● Given data:
☆ ☆ ☆

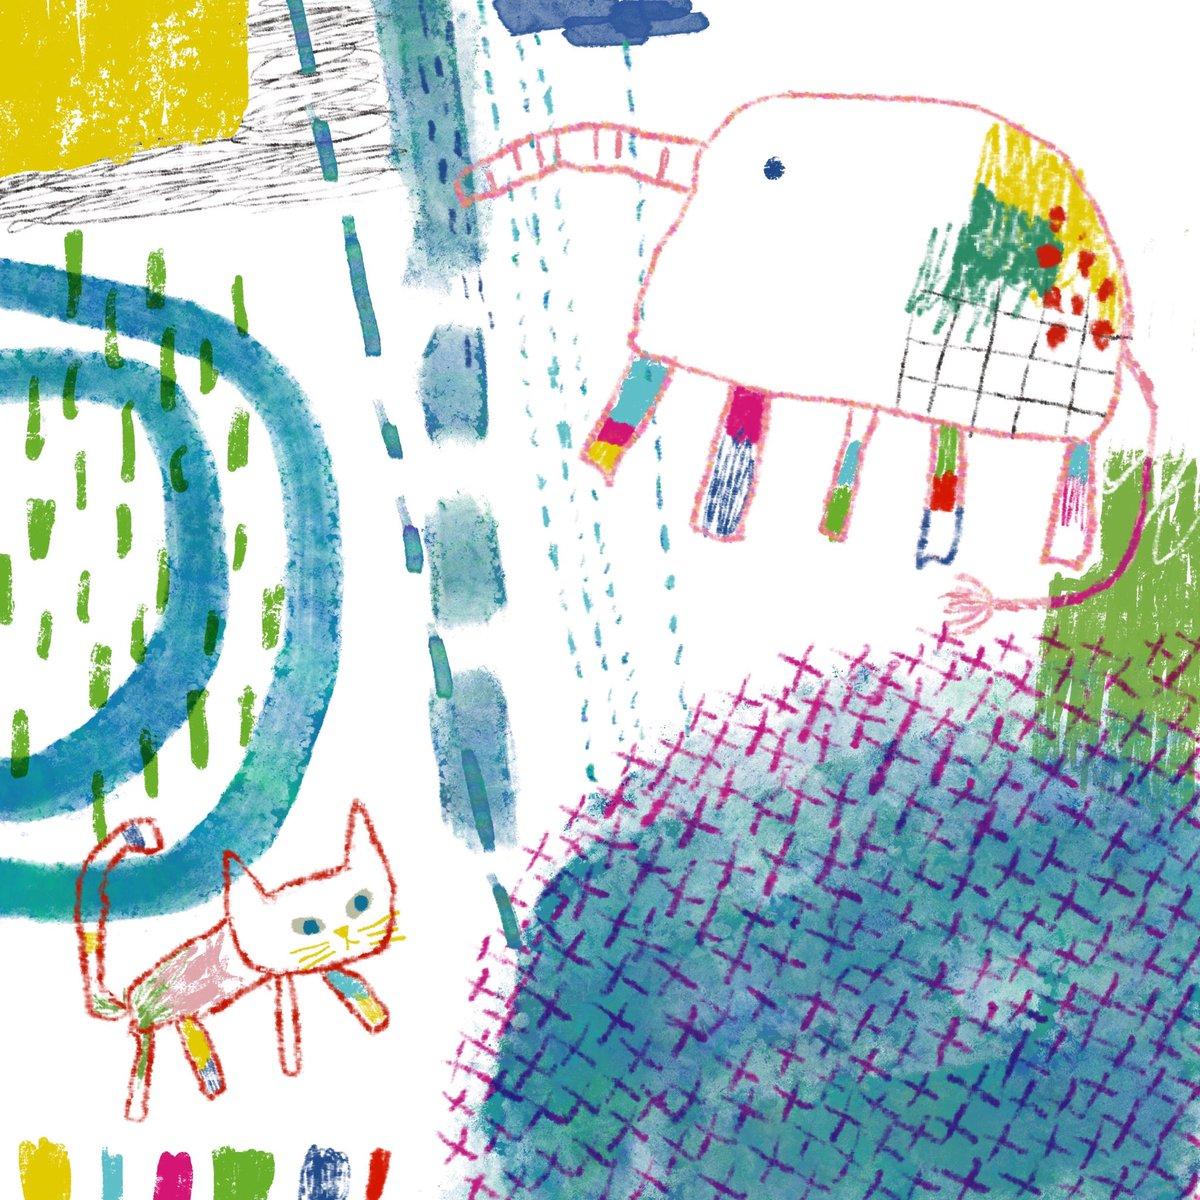 お天気雨だにゃ😾  #doodle #illustration #art #artist #artwork #illustrator #procreate #digital #drawing #painting #picture #cute #cat #nature #peace #happy #イラスト #絵 #落書き #ほっこり #猫 #アート #デジタル
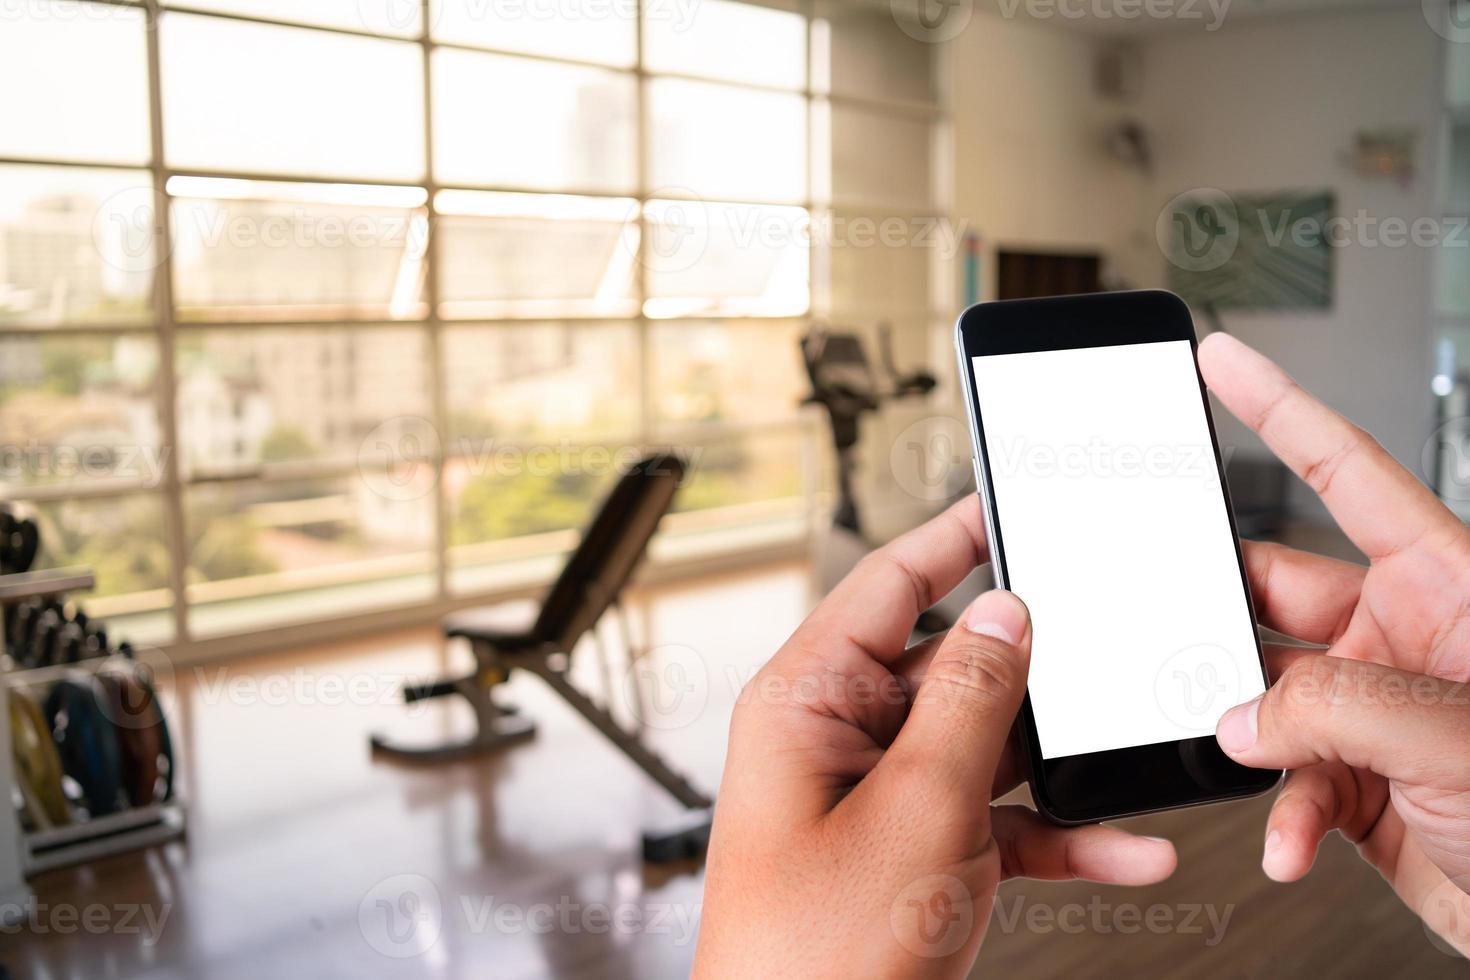 jovem, mão, segurando, smartphone, em, ginásio, para, condicão física, telefone, condicão física, exercício, conceito foto
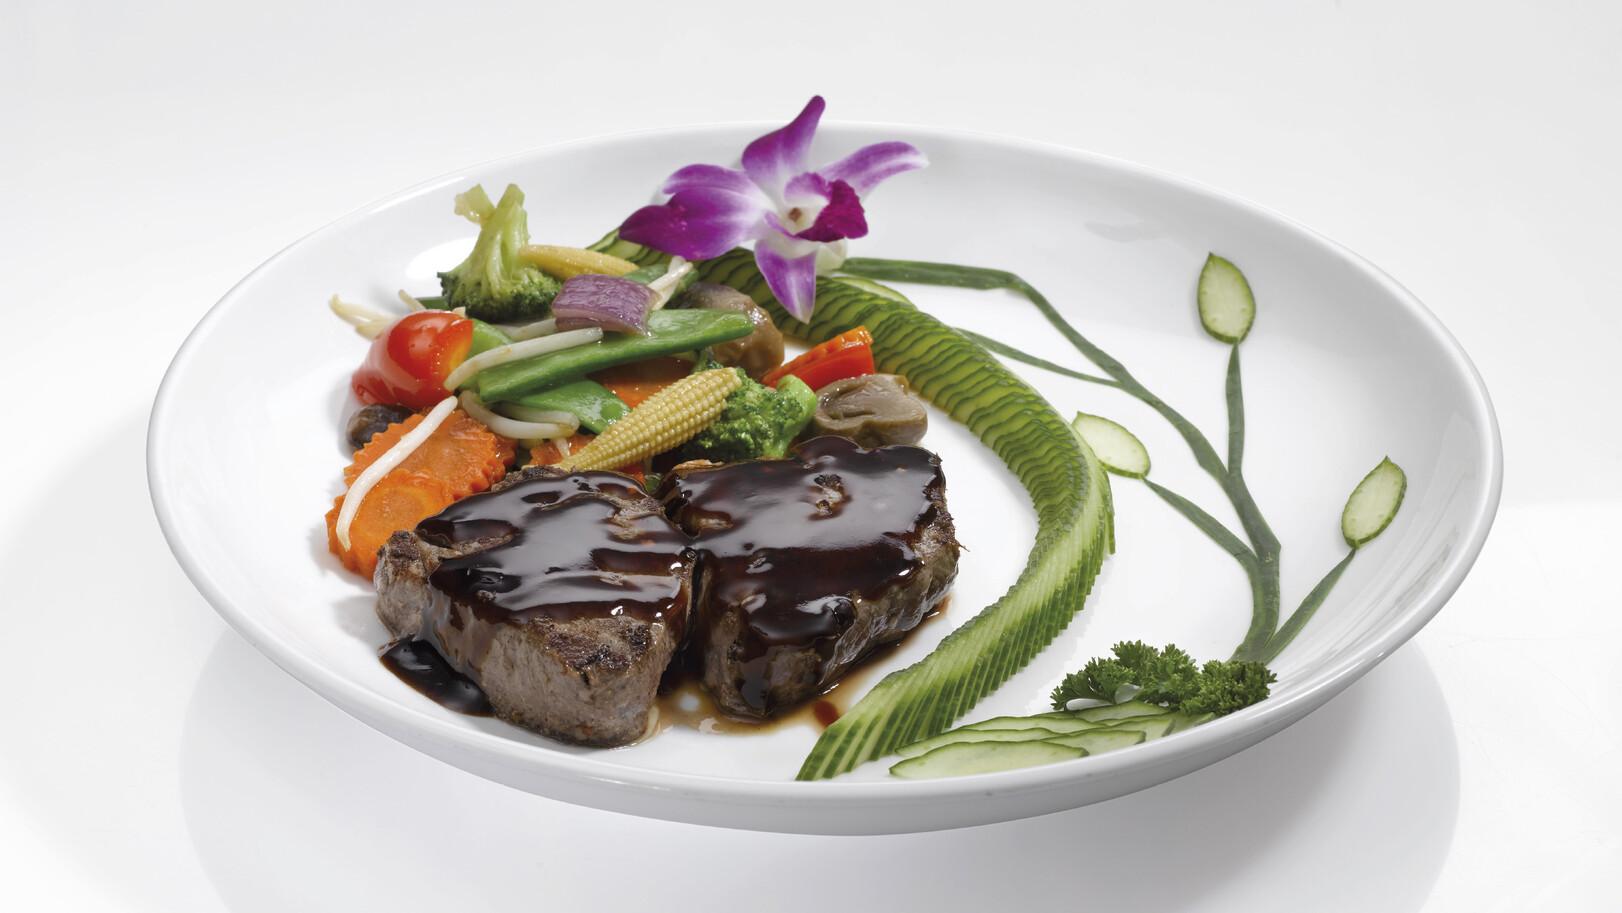 Gastronomie Dornbirn Wohin Heute Vorarlberg Asiatische Kuche
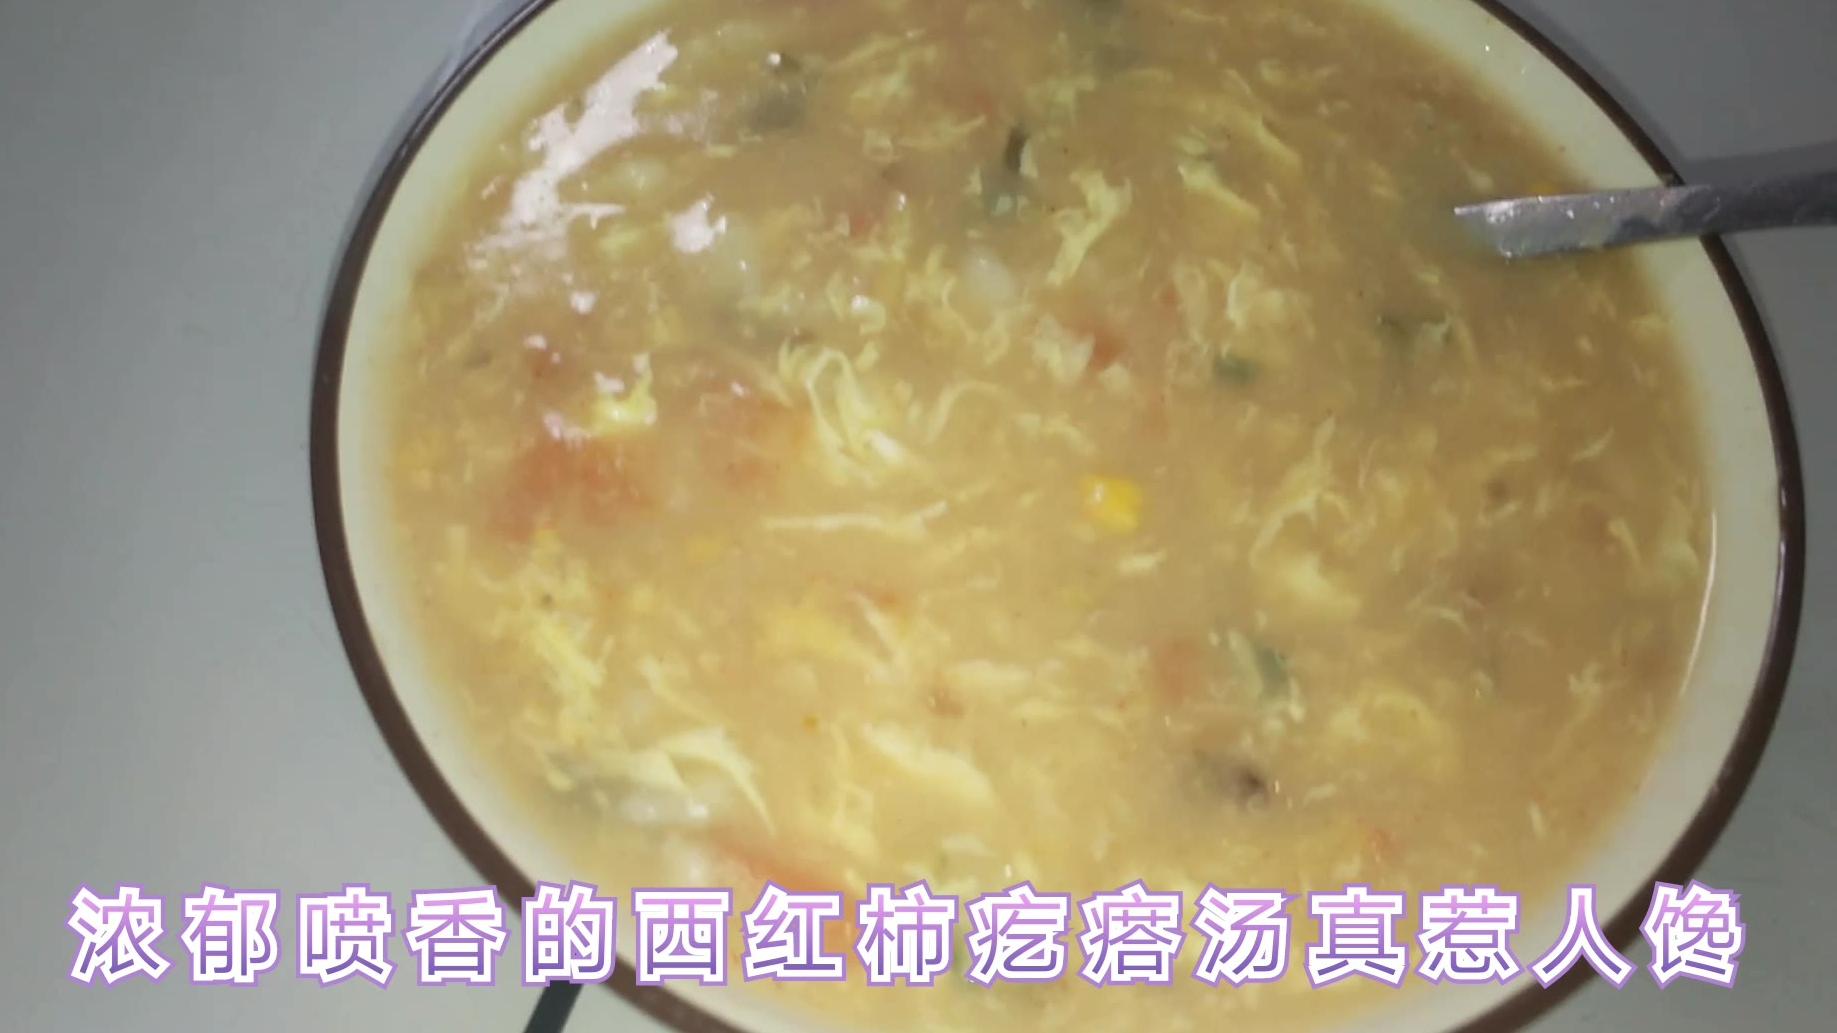 已经吃了四十年的浓郁喷香的西红柿疙瘩汤,好喝又养胃,百吃不厌

☆ ☆ ☆

● What is being asked: Copy out all of the data word for word. Do not carry over any picture.

● Expected answer:
 お天気雨だにゃ😾  #doodle #illustration #art #artist #artwork #illustrator #procreate #digital #drawing #painting #picture #cute #cat #nature #peace #happy #イラスト #絵 #落書き #ほっこり #猫 #アート #デジタル
 jovem, mão, segurando, smartphone, em, ginásio, para, condicão física, telefone, condicão física, exercício, conceito foto
 Gastronomie Dornbirn Wohin Heute Vorarlberg Asiatische Kuche
 已经吃了四十年的浓郁喷香的西红柿疙瘩汤,好喝又养胃,百吃不厌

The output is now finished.